Requirement: Please return the listing below word for word, minus its pictures.

Raw data:
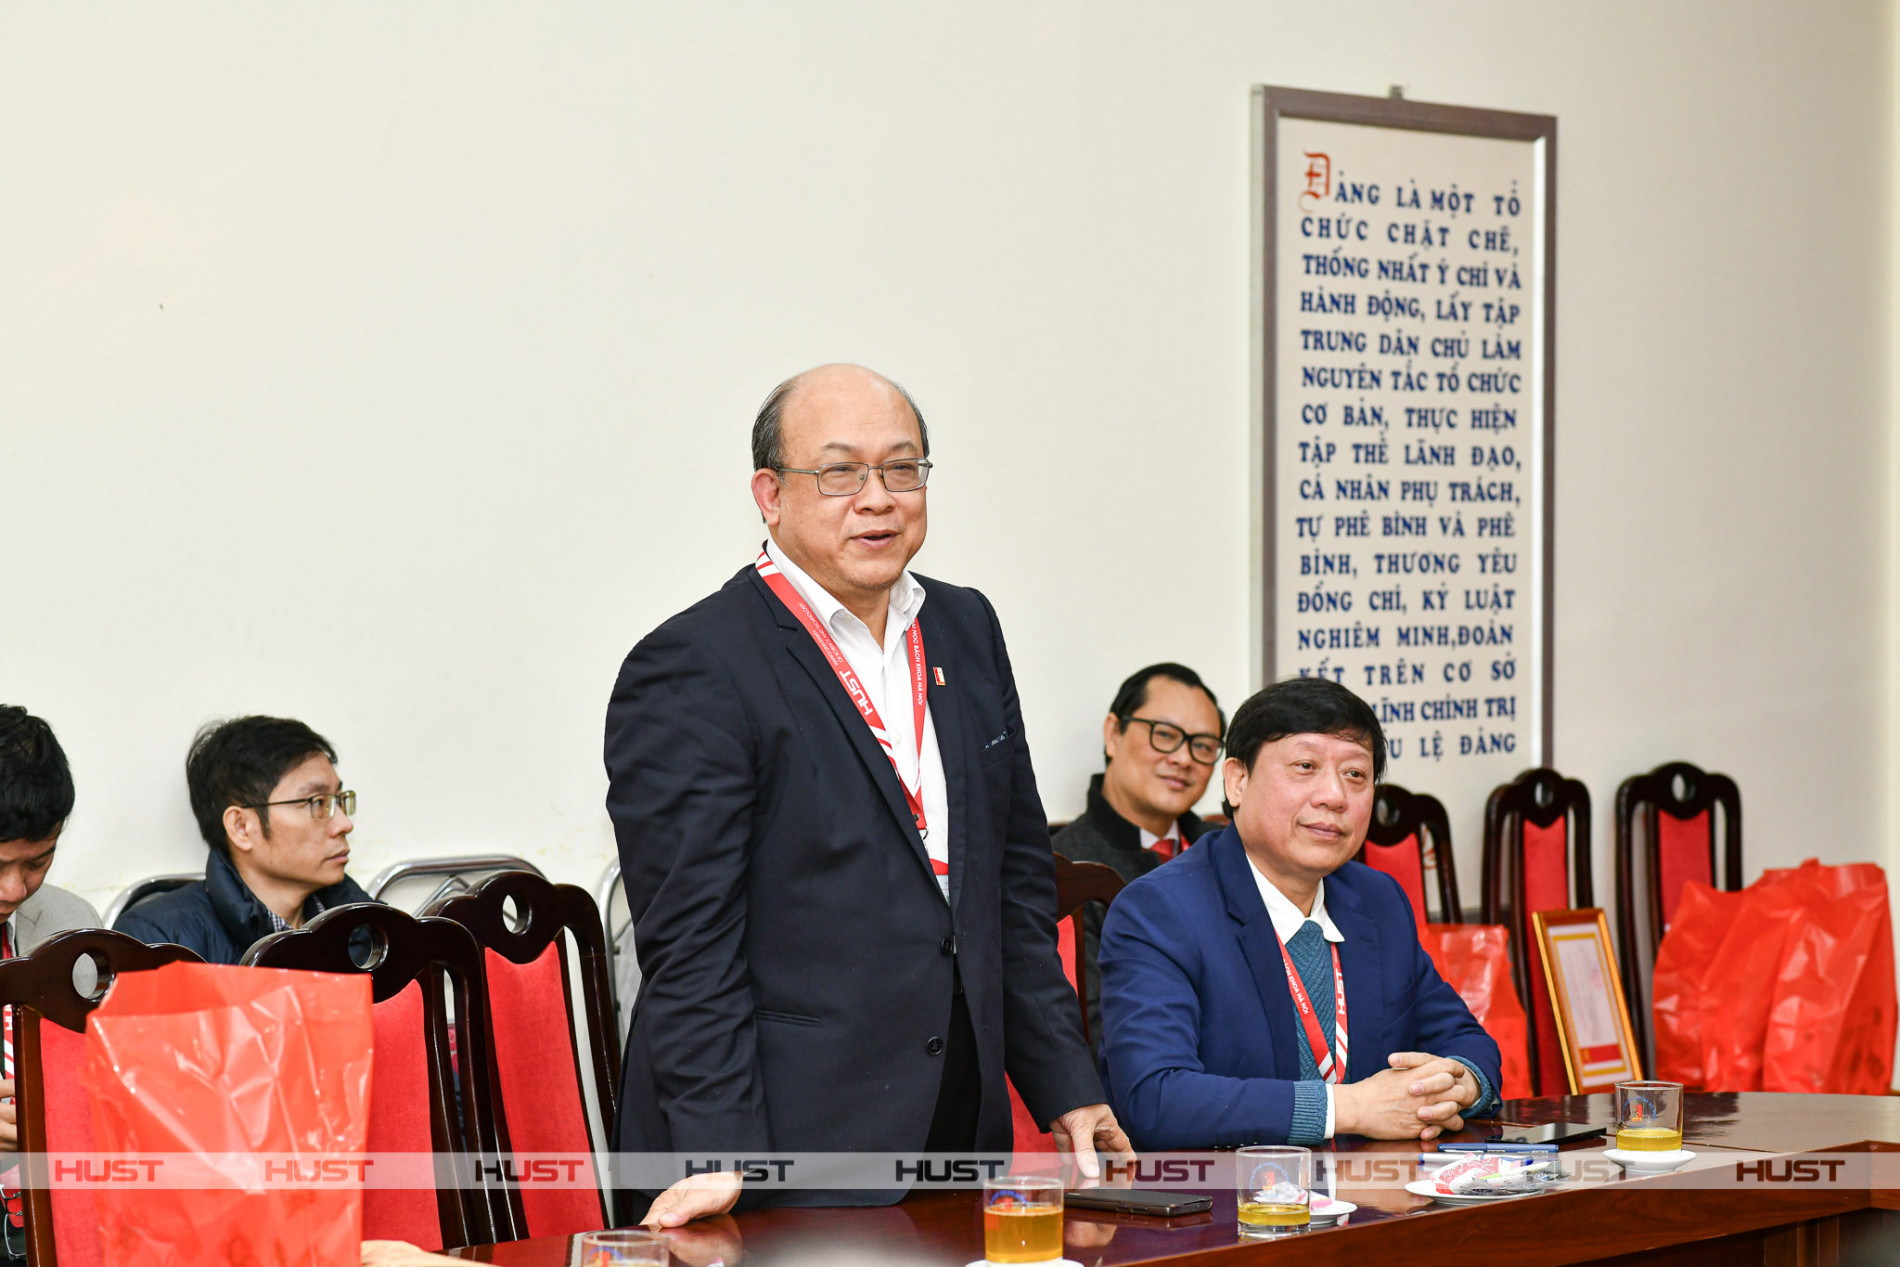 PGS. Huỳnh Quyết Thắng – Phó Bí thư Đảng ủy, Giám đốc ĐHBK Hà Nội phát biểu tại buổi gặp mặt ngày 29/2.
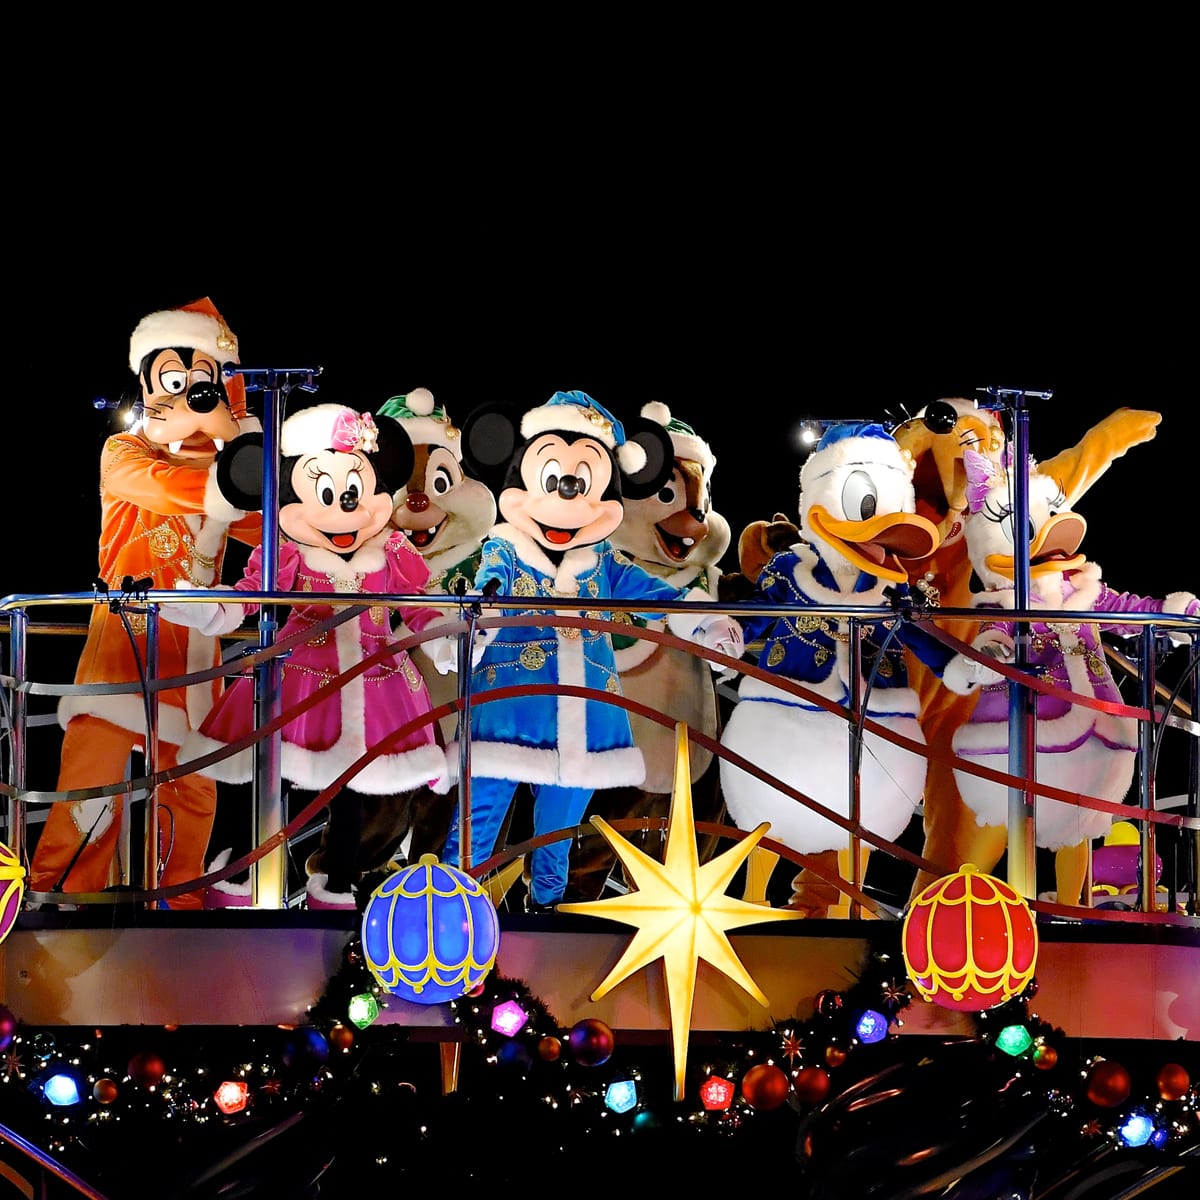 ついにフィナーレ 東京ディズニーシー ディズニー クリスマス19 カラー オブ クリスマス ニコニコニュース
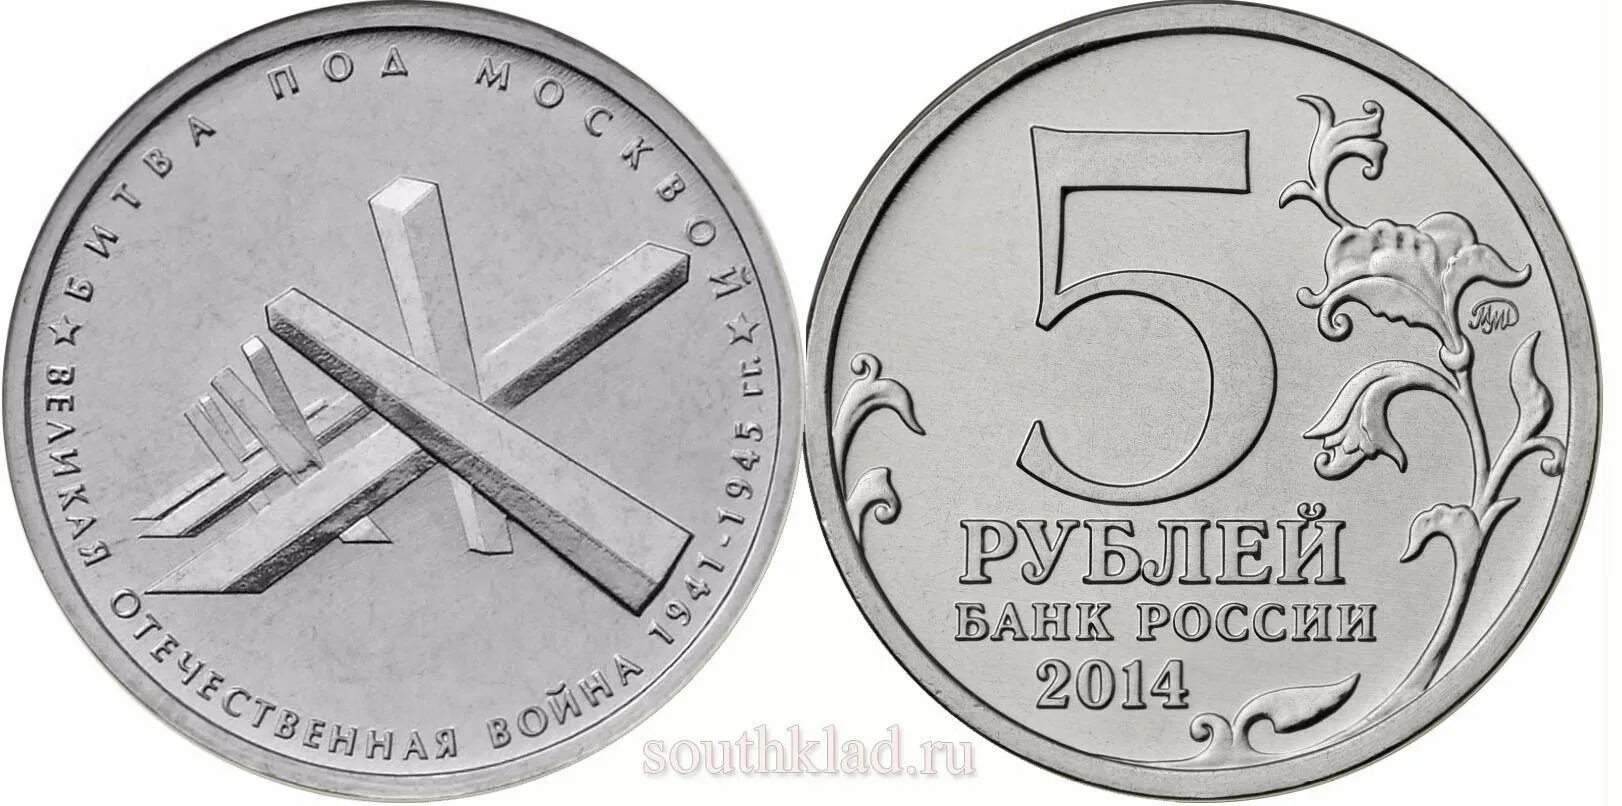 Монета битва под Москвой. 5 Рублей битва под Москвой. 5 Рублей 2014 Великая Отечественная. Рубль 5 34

Solution for this problem:
 PGS. Huỳnh Quyết Thắng – Phó Bí thư Đảng ủy, Giám đốc ĐHBK Hà Nội phát biểu tại buổi gặp mặt ngày 29/2.
 ついにフィナーレ 東京ディズニーシー ディズニー クリスマス19 カラー オブ クリスマス ニコニコニュース
 Монета битва под Москвой. 5 Рублей битва под Москвой. 5 Рублей 2014 Великая Отечественная. Рубль 5 34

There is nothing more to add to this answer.